Alison, who describes herself as a flawed feminist, is interested in exploring female friendship in her writing.
“The play is about how platonic love is just as important as romantic love and can give you just as much sustenance.
“Also, there is an undercurrent of competitiveness in female friendships, no matter how close you are. Women are conditioned to be competitive.”
Interested in the hypocrisies of feminists, Alison says she would be reluctant to allow armpit hair to grow.
“Why is that? It’s because I’m conditioned to want to appeal to the male view. There are more important feminist issues like education, sexual rights and the right to age as gracefully, rejecting botox and the crap we’re being fed through algorithms. On a very shallow level, there are daily hypocrisies that I experience in my own feminism. But in a very human way, I think it’s ok not to be the perfect feminist all the time. That is something I want to explore.”

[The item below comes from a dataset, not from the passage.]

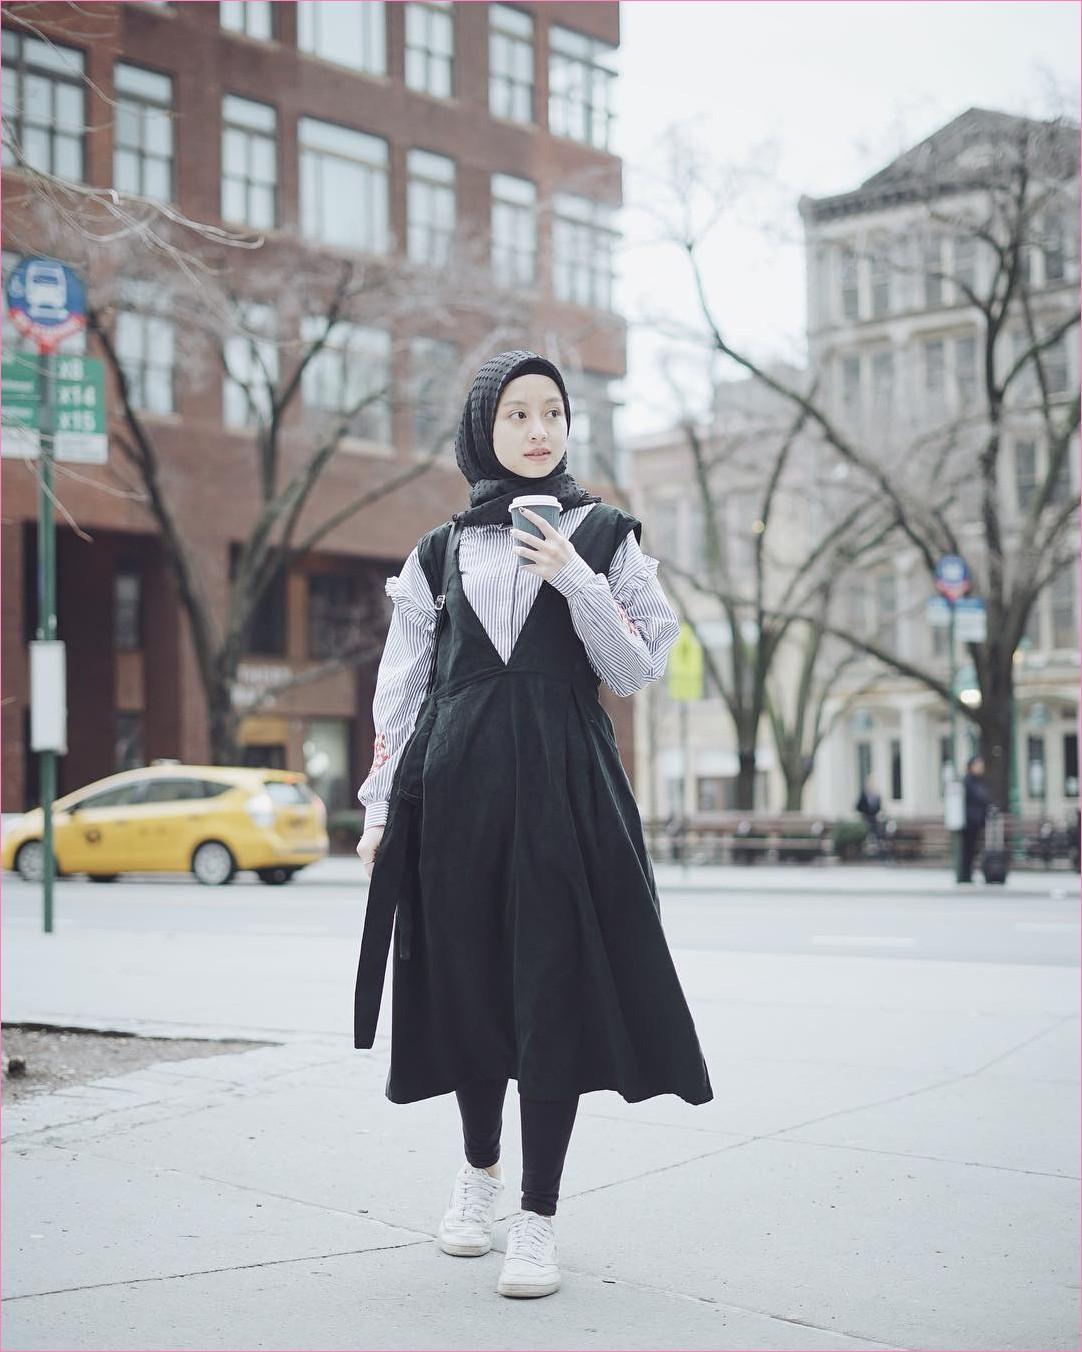 Mix And Match Outfit Baju Luaran (Inner) 2018 Ala Selebgram overall slip dress hitam legging kemeja top blouse stripes segiempat hijab square ruby ciput rajut totebags kets sneakers putih coffe london ootd trendy gedung winter salju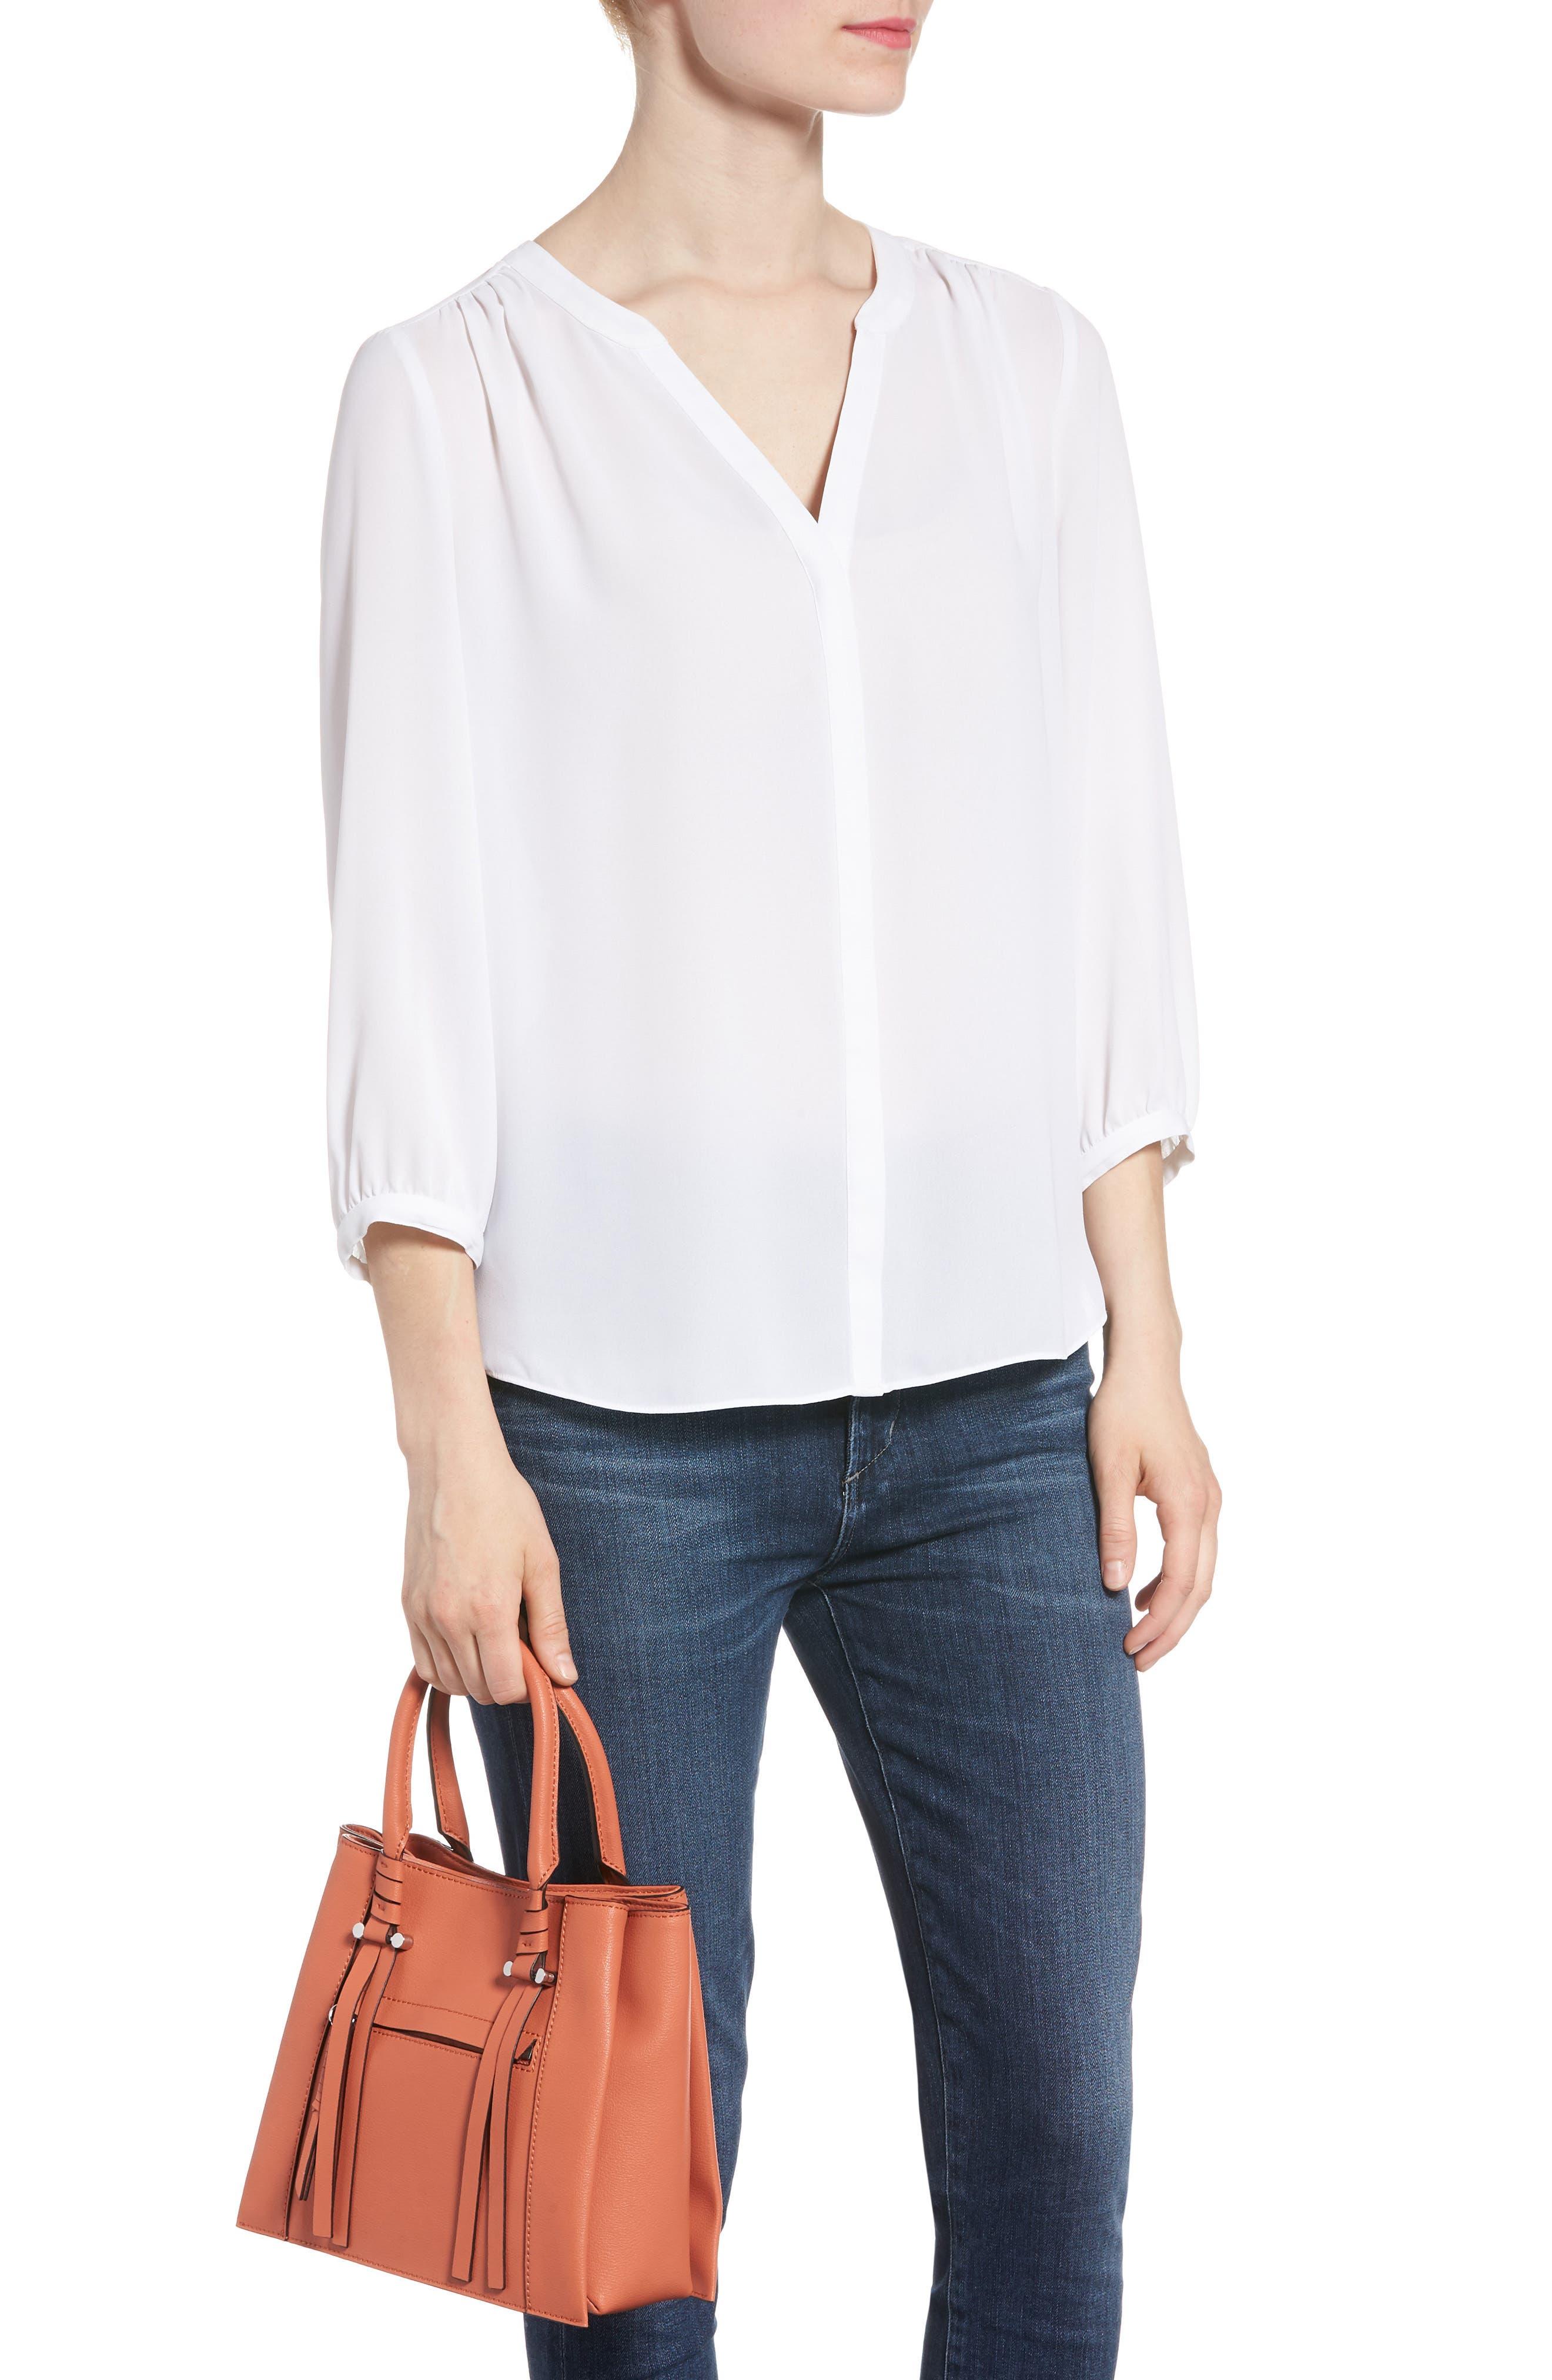 Everly Mini Shoulder Bag,                             Alternate thumbnail 2, color,

Alison’s second play, The Girls’ Room is about teenagers “because I have great respect and admiration for teenage girls. We don’t take them seriously enough. It’s hard being a teenage girl”.
This show has been developed with the help of the Cork Theatre Collective, including a grant of €3,000. Alison hopes it will be staged before the end of the year.
Clearly, she is in control of her career, making it work far from the bright lights of the Big Apple.
Warm Regards is at the Cork Arts Theatre from September 24-27.